I'm chuckling to myself because I'm seeing how different my wife and I are both in the kitchen. She's very organized with everything else in life in terms of spreadsheets and stuff, but her Approach to cooking is just total chaos to me. And my refrigerator when I was single was always pretty empty because I would use things. And it, there were times I remember one time I had a jar of spaghetti sauce, some spaghetti and a can of salmon. And I threw all that together and made a dish. And my wife's very much recipe oriented.

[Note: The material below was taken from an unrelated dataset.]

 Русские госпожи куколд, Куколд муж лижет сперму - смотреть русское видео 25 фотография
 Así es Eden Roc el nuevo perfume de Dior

You gotta follow recipes. And, we get so much stuff in the refrigerator because things get pushed to the back. And I'm always like, no, no, it's first in, first out. That's

squadcaster-1fhc_1_12-09-2024_083314:

FIFO! Exactly!

jeff_1_12-09-2024_053754:

know? And so it's interesting that, that There's that need to have a food philosophy and then, and follow that. We often, when we talk about, oh, okay, it's diet time, I gotta lose weight. So I gotta change everything that I'm doing. I'm just gonna throw out all the junk in there, that I have. First of all, you shouldn't have that junk in the refrigerator or the pantry in the first place. But we shouldn't have to change what we're doing. We don't have to change the philosophy. We just have to change the level of consumption a little bit.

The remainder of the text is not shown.